Arabic text formatting
Arabic poetry needs proper direction, spacing, and line structure. Small layout issues can quickly make the poem hard to read.
Project
A Python desktop app for searching, reading, saving, and exporting Arabic poetry. I started it as a simple poem fetcher, then kept expanding it into a small reading and collection app.
Al Rawya is a desktop app built with Python, PySide6, SQLite, and Qt PDF export features. The idea is to give Arabic poetry a cleaner reading space where the user can search poems, open them in a proper right-to-left layout, save favorites, save selected lines, change themes and fonts, and export poems to PDF.
The app starts with a simple search page. The user can enter a poem line, choose the source, and fetch matching poems in a list, or directly fetch the first result.
Opened poems are displayed in a right-to-left reading layout with centered Arabic text and clear spacing between verses.
The app lets the user save specific selected lines into Al Shwarid الشوارد. This is useful when a single line stands out and the user wants to keep it without saving the whole poem.
Full poems can be saved to المفضلات. Saved poems are grouped by poet, which makes the collection easier to browse later.
The quick settings menu gives fast access to common options such as search options, font size, colors, font changes, and PDF export.
The full settings page is used for deeper customization, including appearance, fonts, and export settings.

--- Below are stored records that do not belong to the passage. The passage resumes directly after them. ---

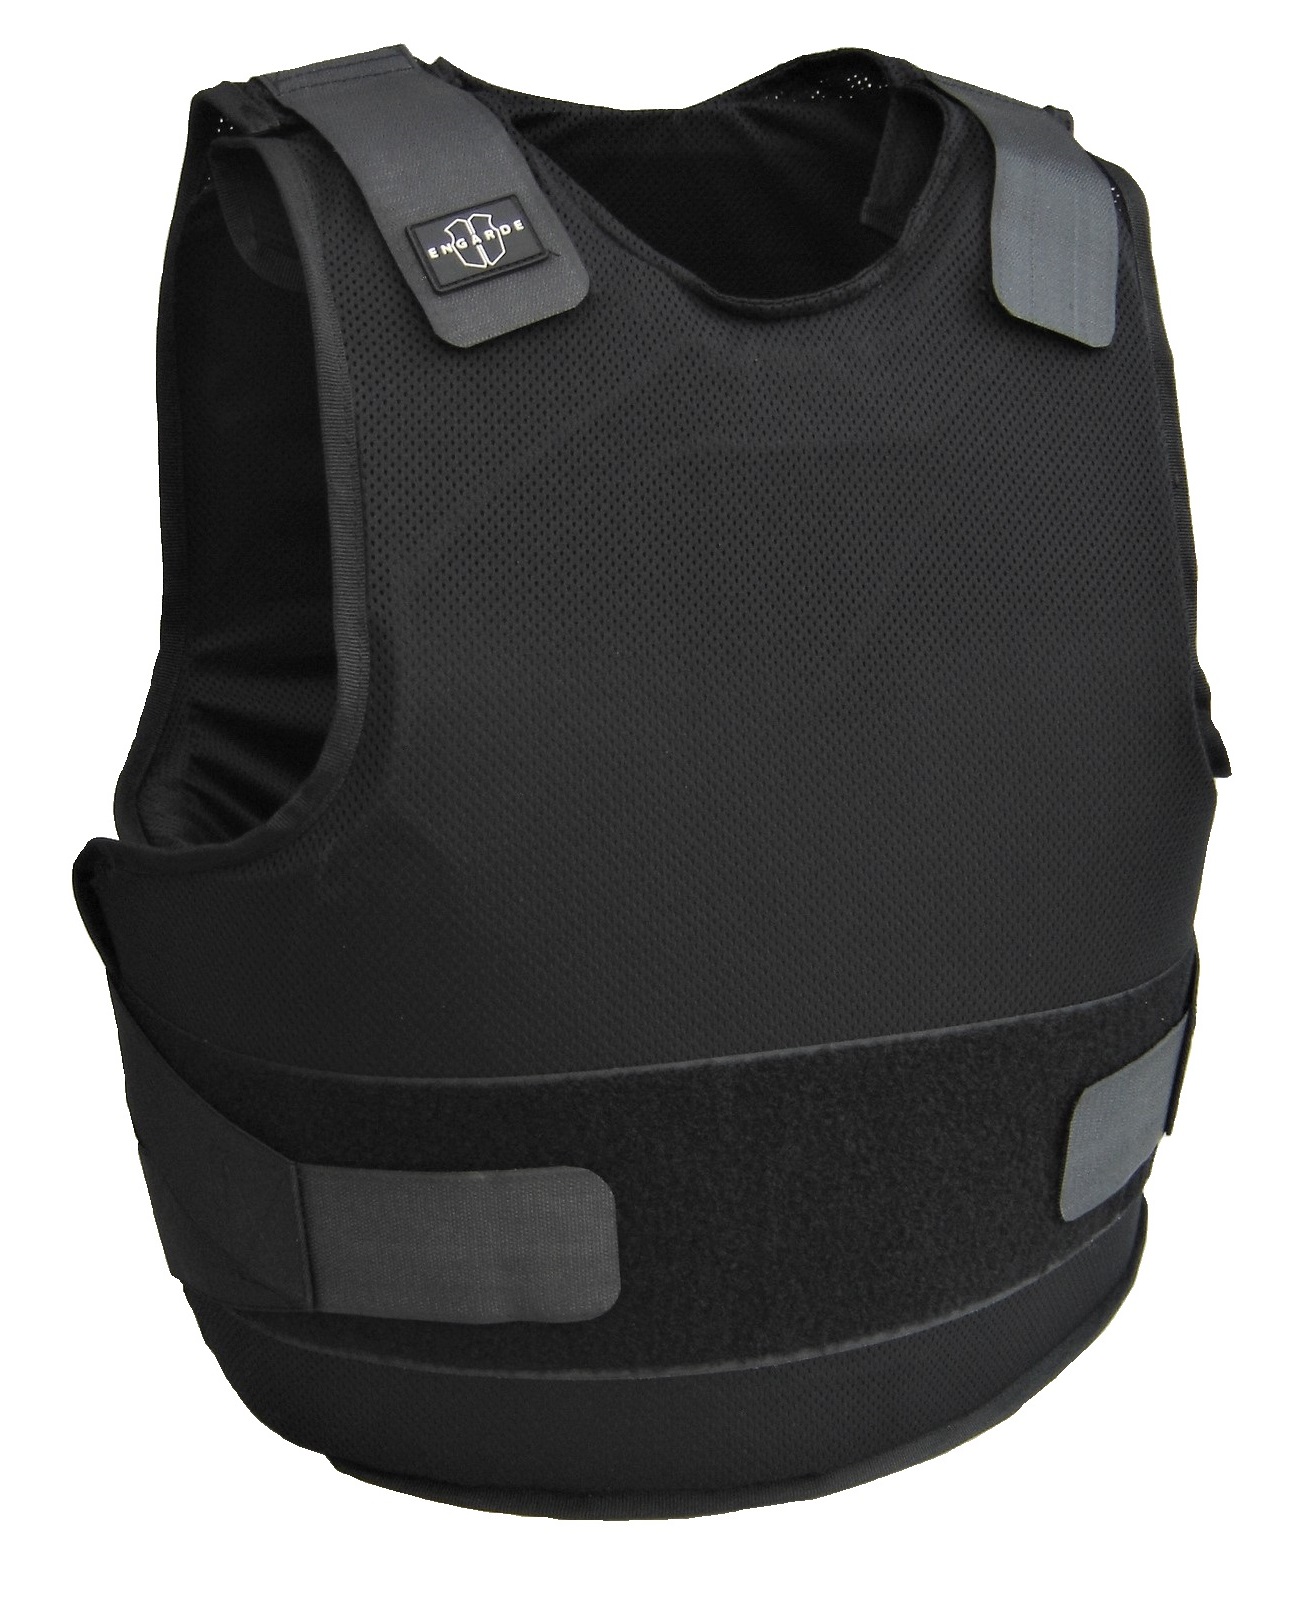 Affordable Security Bullet Resistant Vest NIJ Level II
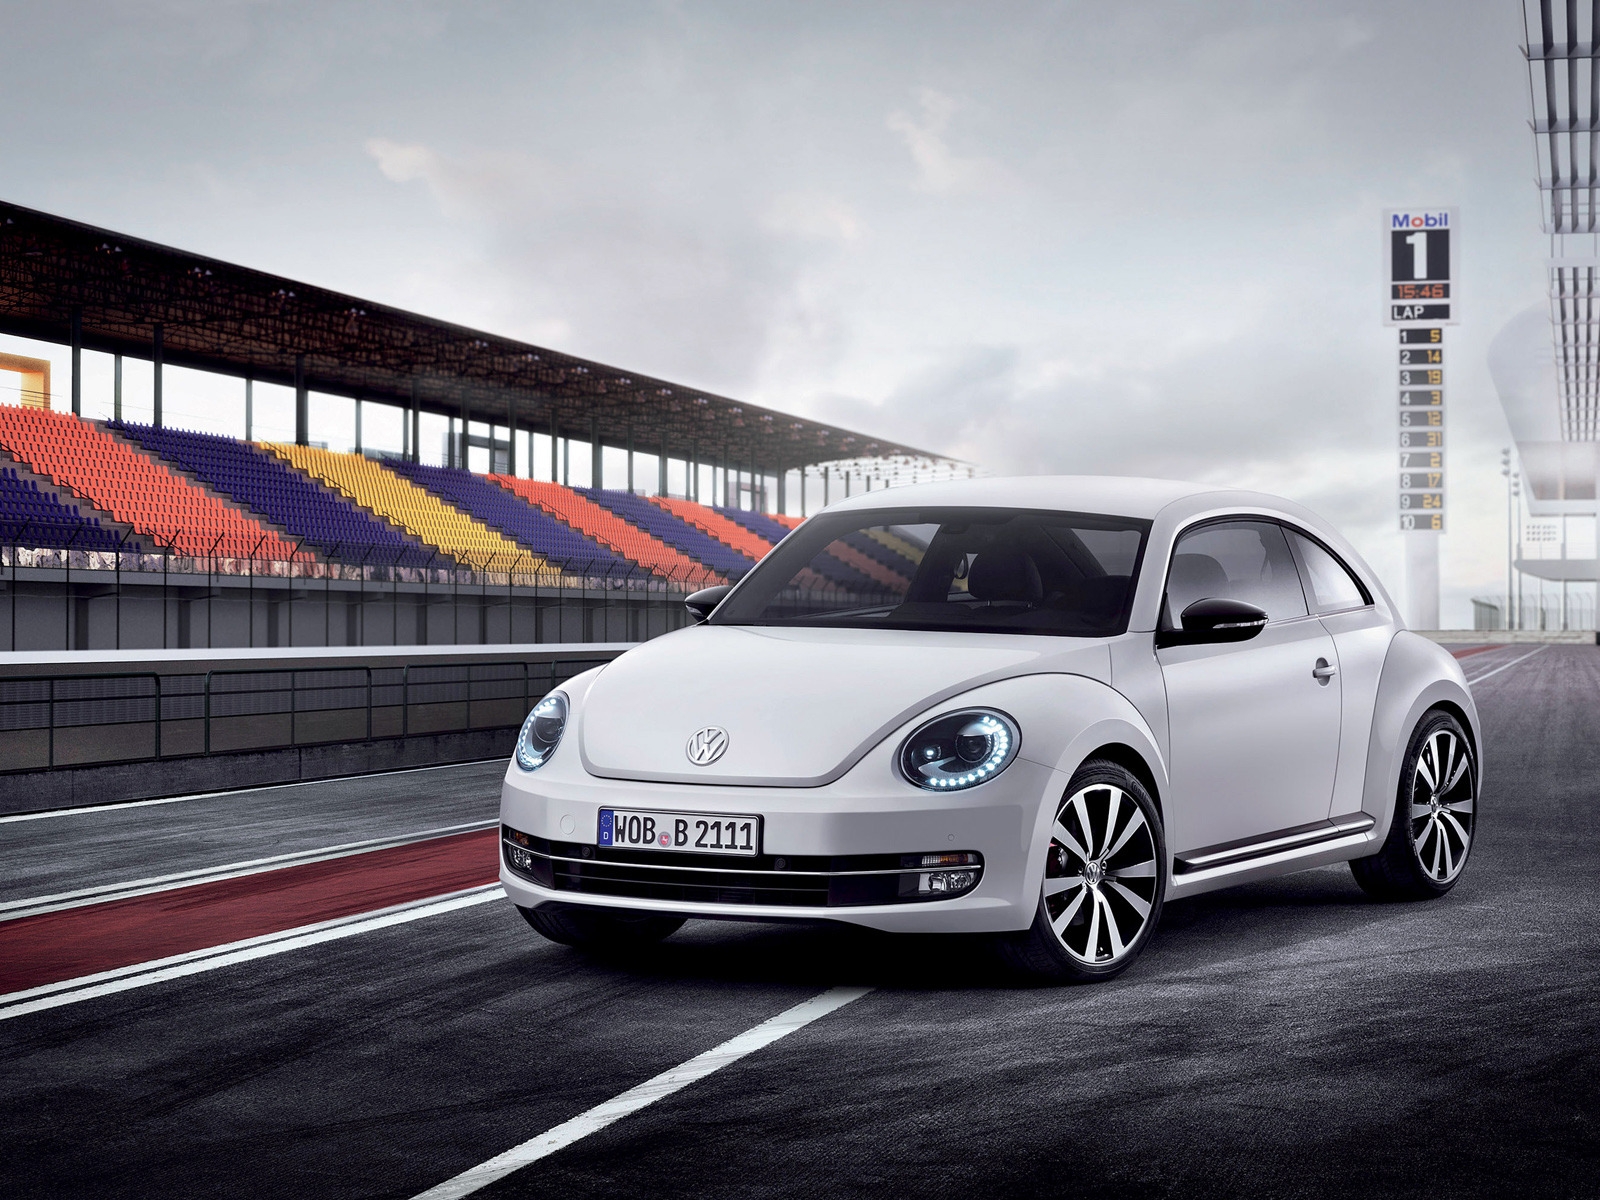 Volkswagen Beetle 2012 for 1600 x 1200 resolution
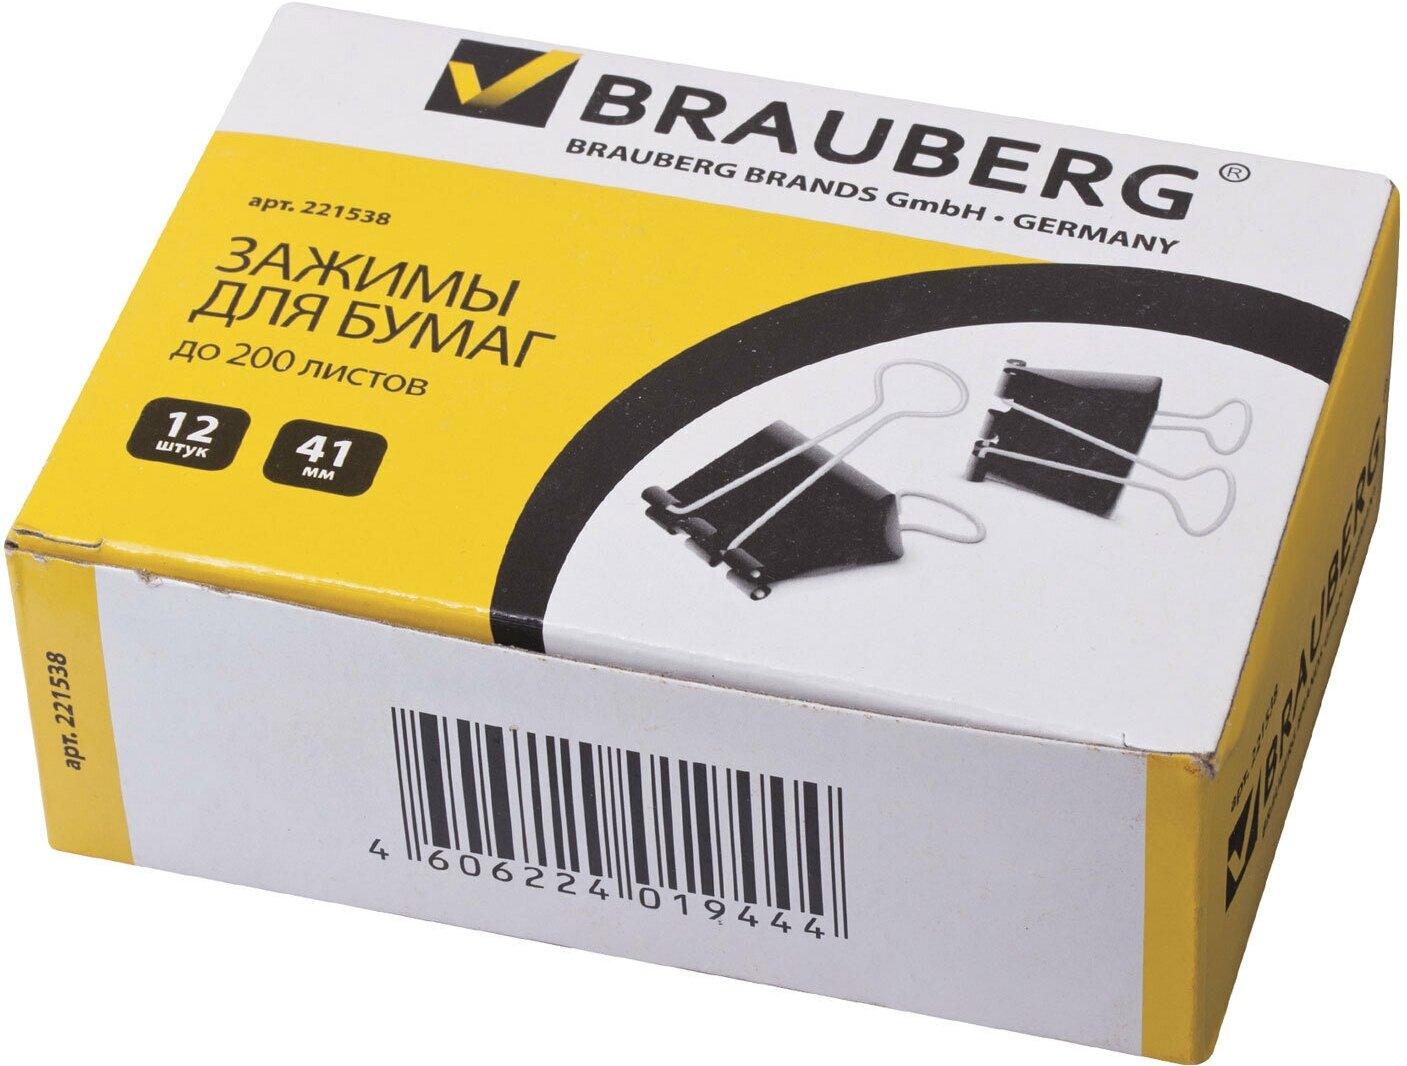 Зажимы для бумаг Brauberg 12 шт, 41 мм, на 200 листов, черные (221538)

The PDF export dialog lets the user choose the theme, font, text color, and background color before exporting the poem.
The exported PDF keeps the poem readable and preserves the dark reading style. This part is still being polished because Arabic layout and page breaks need careful handling.
I built the project step by step. First I focused on getting Arabic text to display correctly in a PySide6 window. Then I added search, scraping, result views, poem tabs, and the other functions one at a step. This made the project easier to control because each feature had to work before I moved to the next one.
Arabic poetry needs proper direction, spacing, and line structure. Small layout issues can quickly make the poem hard to read.
Searching and scraping can take time, so the app uses worker threads and progress messages instead of freezing the interface.
Exporting Arabic poems is the hardest part so far. The app needs to preserve Arabic shaping, right-to-left layout, theme colors, and clean page breaks.
This project taught me a lot about building a real desktop app, especially when the app needs good Arabic support. I practiced GUI structure, scraping, local storage, settings management, threading, and PDF export. It also showed me how much small UI details matter when building something people are meant to read from.
The next focus is polishing PDF export, improving search speed, adding search across all sources, and later packaging the app so it can be installed more easily on Windows.